Спенсервиль - Нельсон Демилль
Шрифт:
Интервал:
Закладка:
Эта война, размышлял Кит, закончилась без грома победы, скорее, просто тихо испустила дух; и переход от войны к миру оказался по большей части тихим и неприметным. В рядах победителей не было ни сплоченности, ни ощущения одержанной победы; дивизии расформировывались, корабли выводились из состава флота, эскадрильи бомбардировщиков перебазировались подальше в пустыни – все это без помпы и без торжественных церемоний. Просто одно закрывалось, другое ликвидировалось, а люди получали листки с извещением об увольнении, кто-то доставал из почтового ящика пенсионный чек. И никто ни в Вашингтоне, ни в каком-либо другом месте, подумал Кит, ни разу не сказал ни одному из этих людей даже обычного «спасибо».
Кит не испытывал по этому поводу чувства горечи; наоборот, он был очень рад тому, что успел дожить до времени, когда все эти перемены стали явью. Он, правда, считал, что и правительство, и народ должны были бы как-то отметить, подчеркнуть их, придать им какое-то значение; но он знал и понимал свою страну, знал и понимал присущую американцам склонность рассматривать войны и историю как нечто такое, что обычно происходит с другими народами и в других частях мира и что в лучшем случае является досадной помехой. Так что с американской точки зрения жизнь просто возвращалась в свое нормальное русло.

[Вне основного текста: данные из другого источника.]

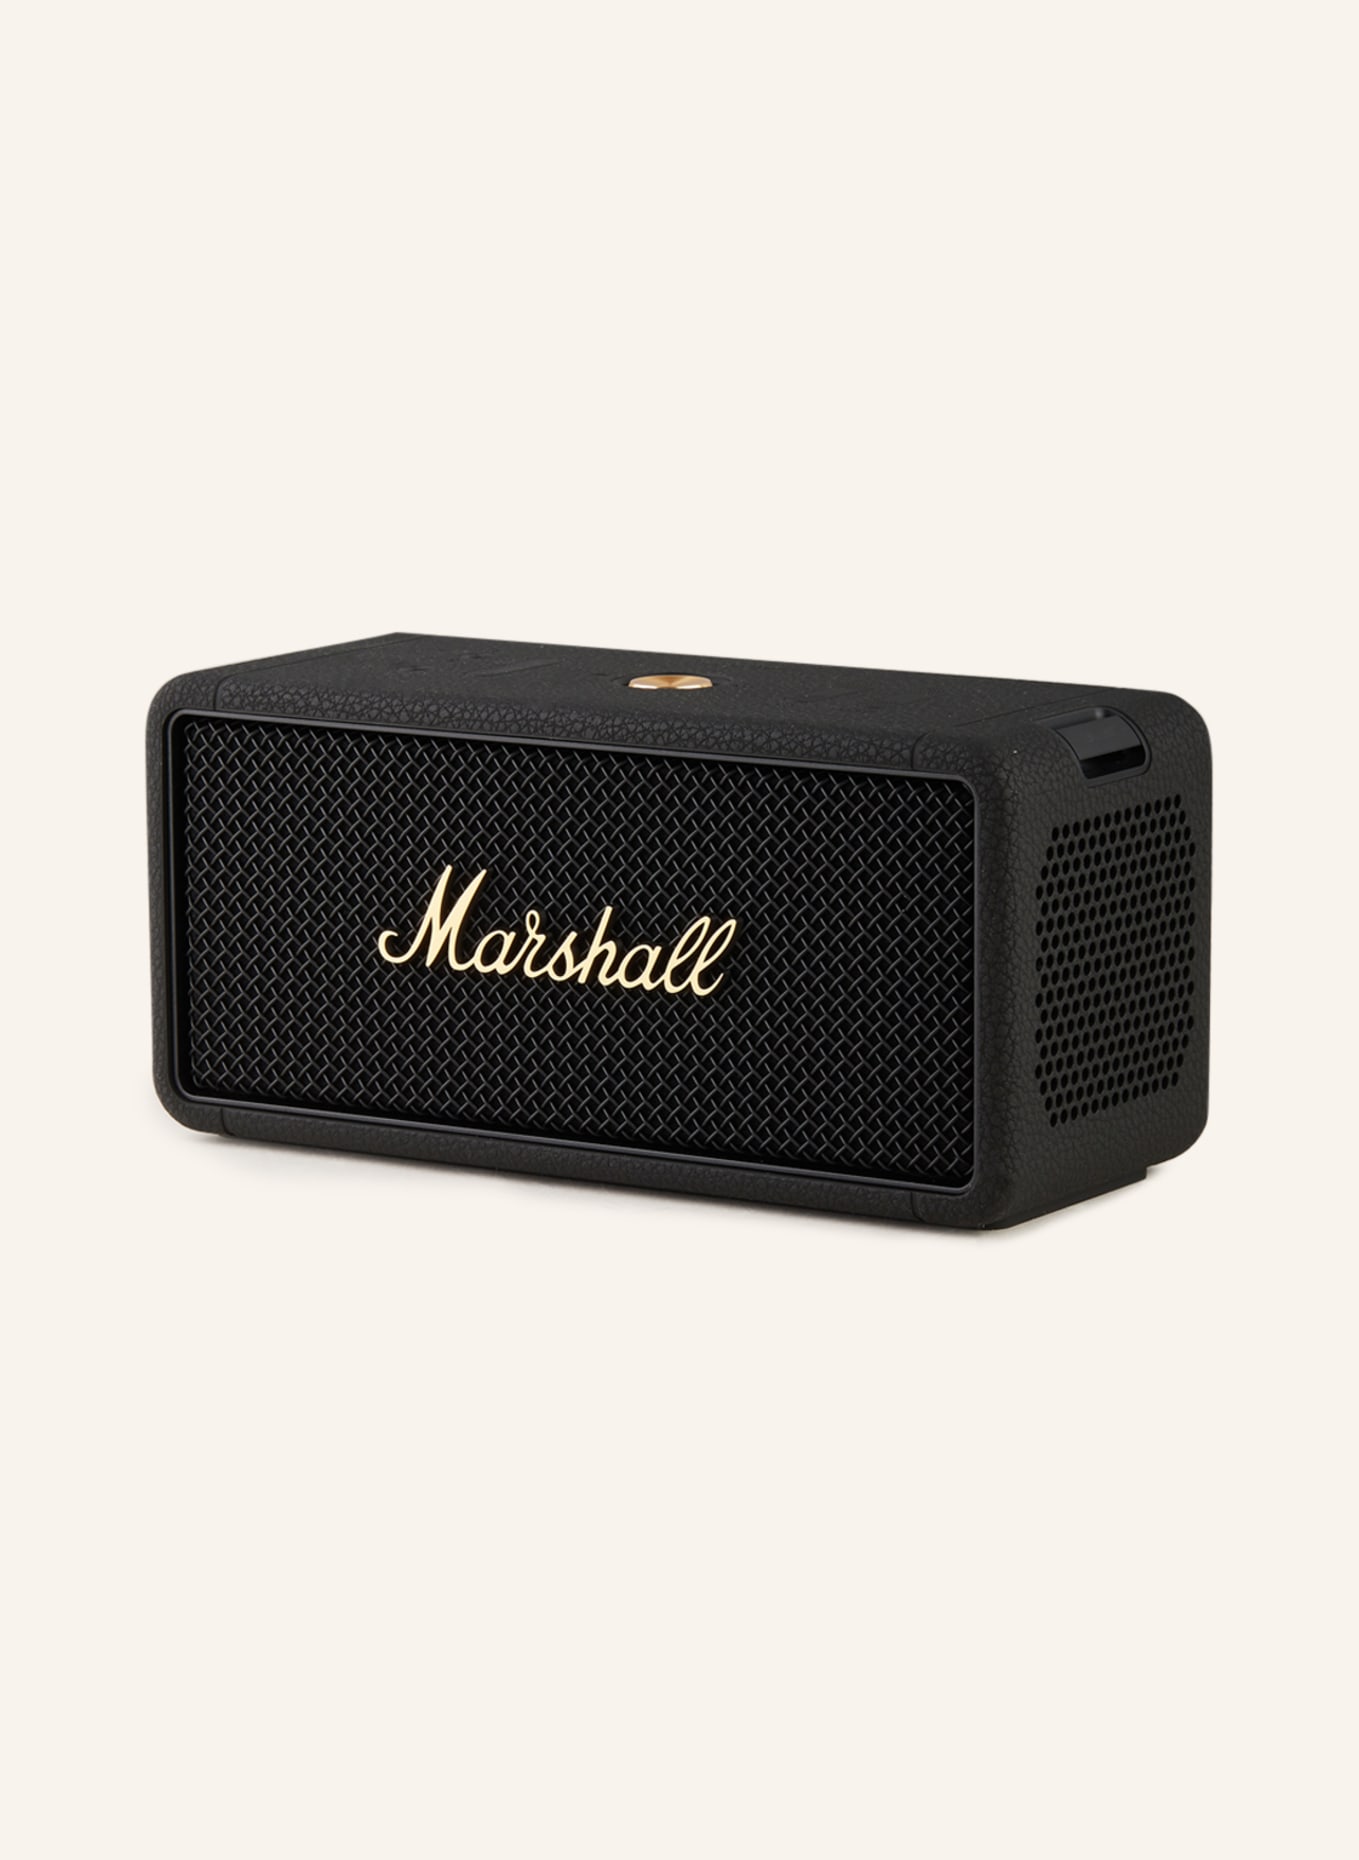 Marshall - MIDDLETON BLUETOOTH PORTABLE SPEAKER - Black/Brass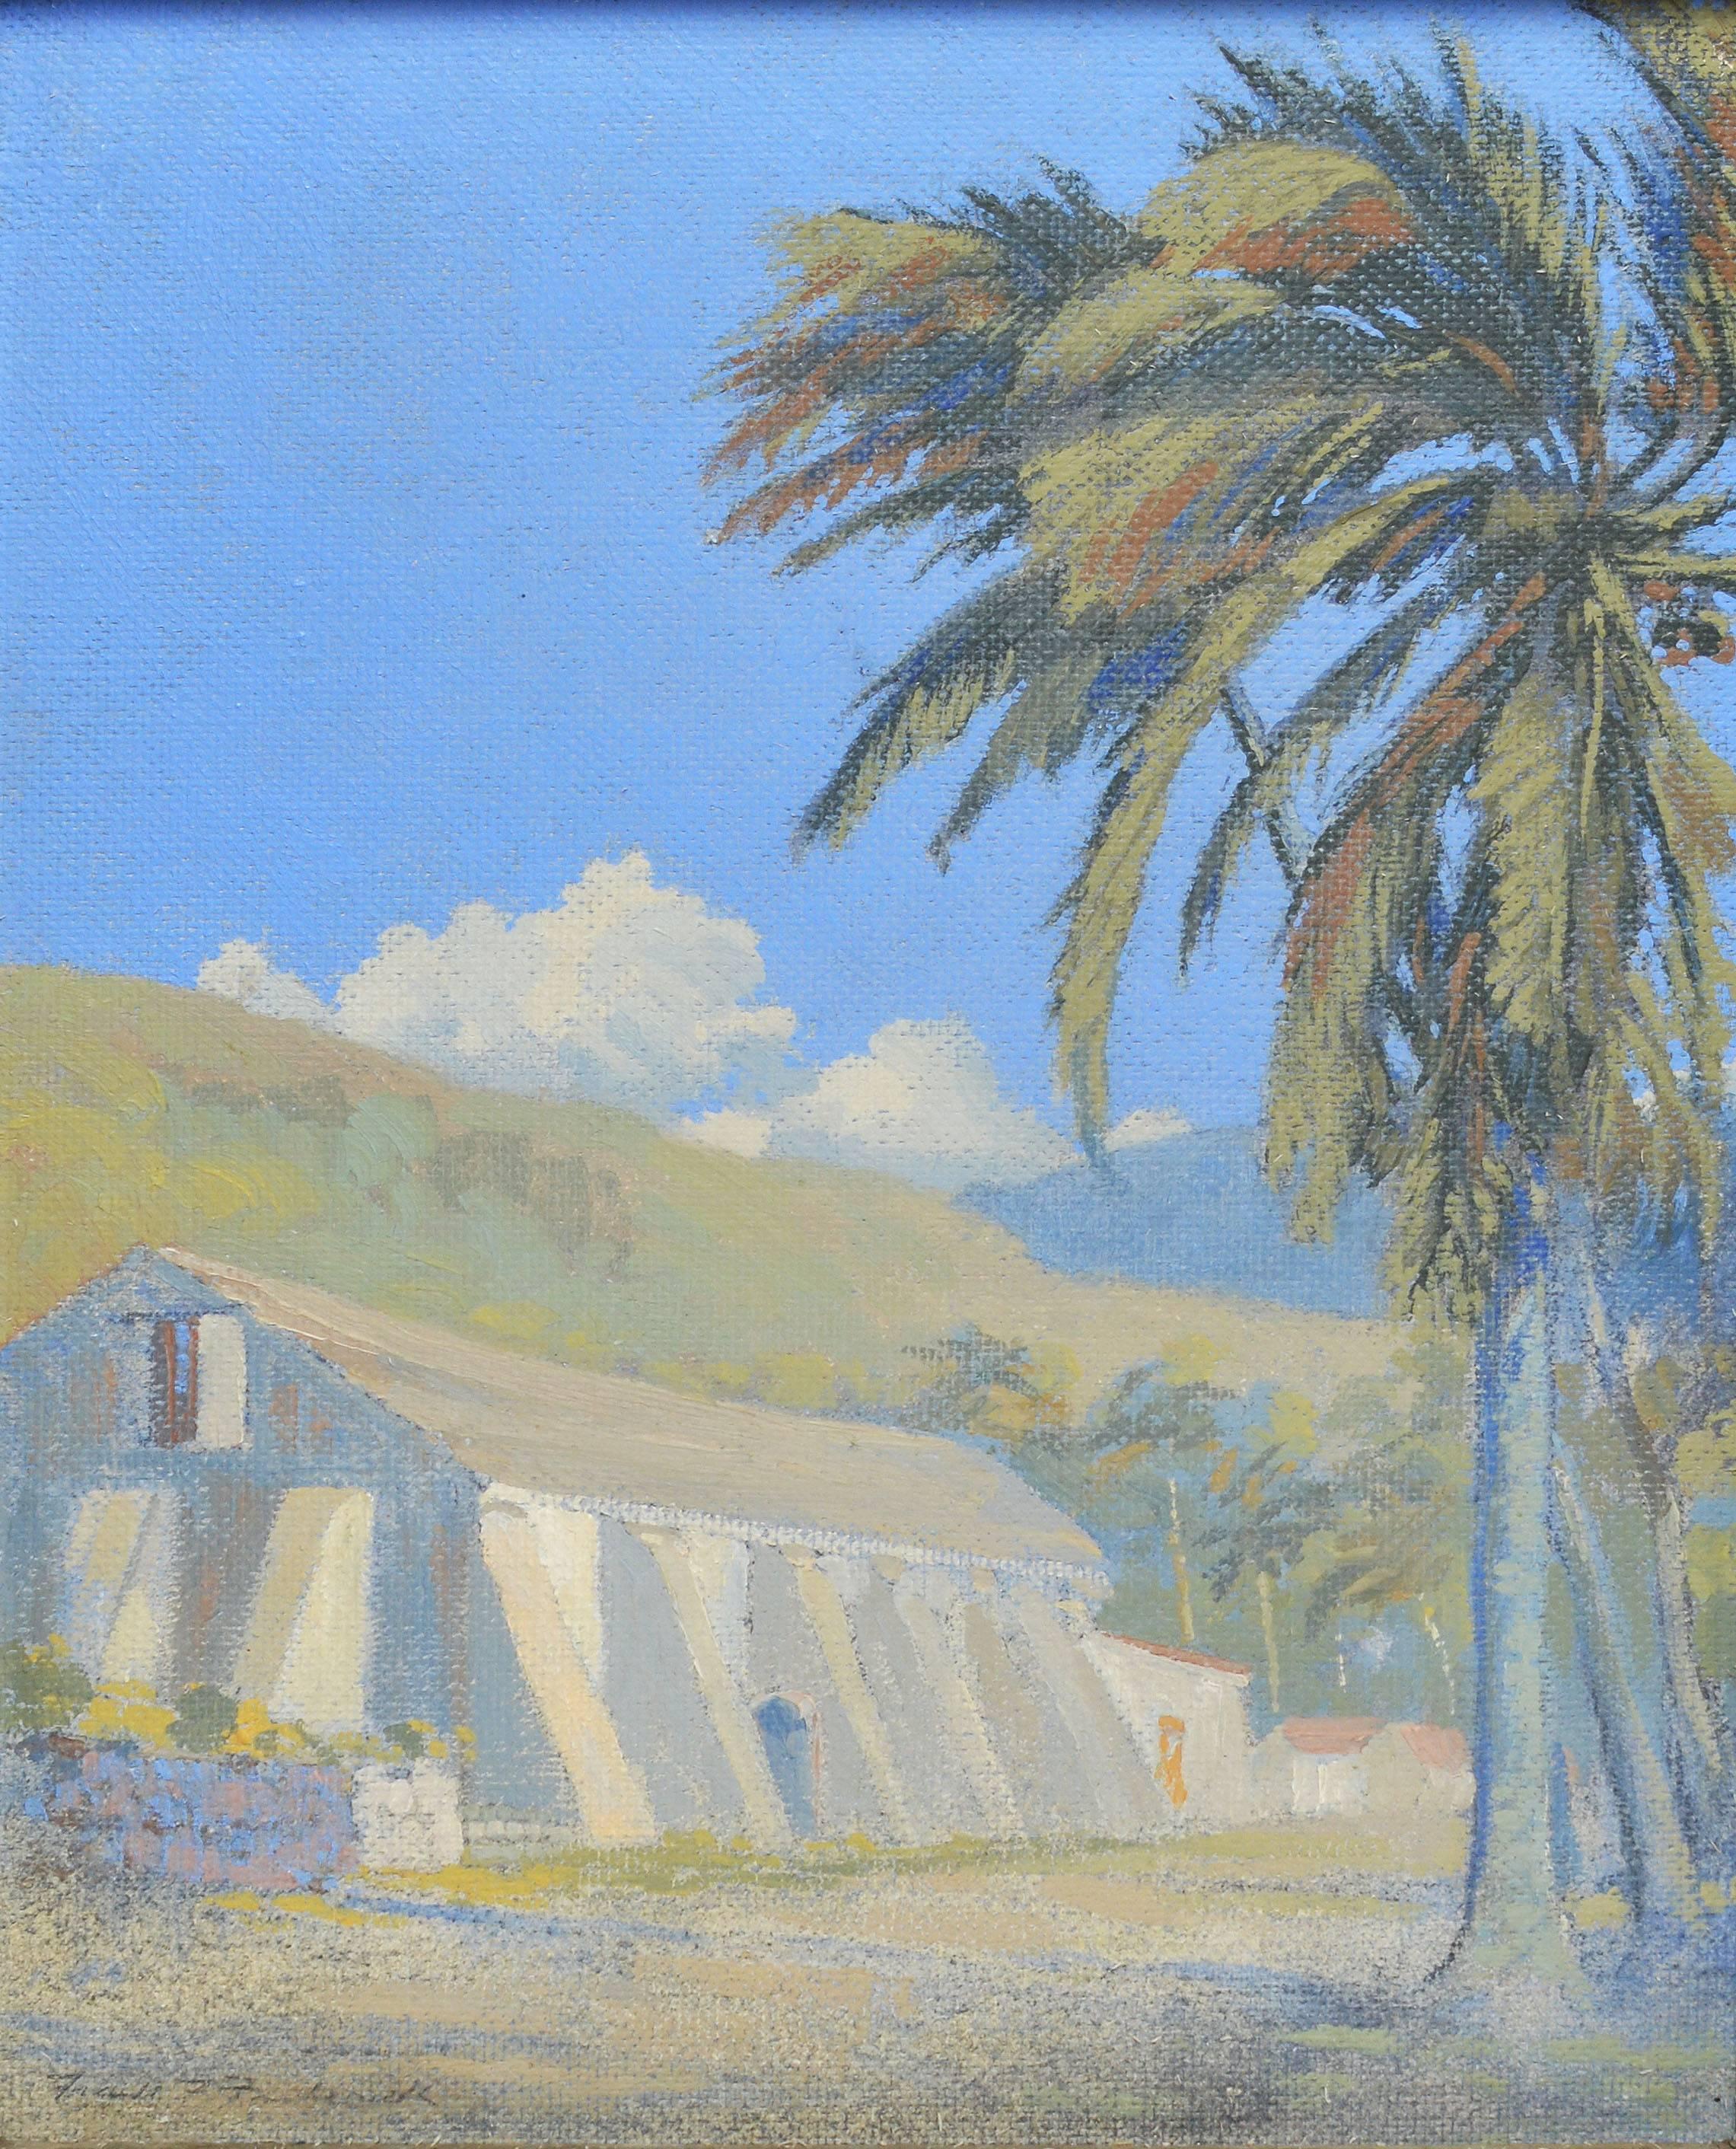 Sugar Warehouse, St Thomas Virgin Islands, by Frank Frederick 2

Время колоть дрова. Он подрезал росшие вокруг дома старые дубы, собрал ветки на тачку и отвез их туда, где стояли козлы для пилки дров. Он занимался тем, что пилил, колол и складывал.
Как-то к нему заглянула тетушка Бетти, а потом и кое-кто из дальних родственников. Заходили Мюллеры, их ферма стояла чуть подальше к югу, а также Мартин и Сью Дженкинсы, жившие через дорогу. Каждый приносил с собой что-нибудь съестное, каждый чувствовал себя несколько неудобно и скованно, и каждый задавал одни и те же вопросы: «Что, решили немного пожить здесь? Еще не соскучились по городу? А в нашем городке успели побывать? Кого-нибудь из знакомых встретили?» И все в таком роде. Но ни один из них не задал ему вопроса, который на самом деле сидел у них у всех в головах и звучал так: «Ты что, чокнулся?»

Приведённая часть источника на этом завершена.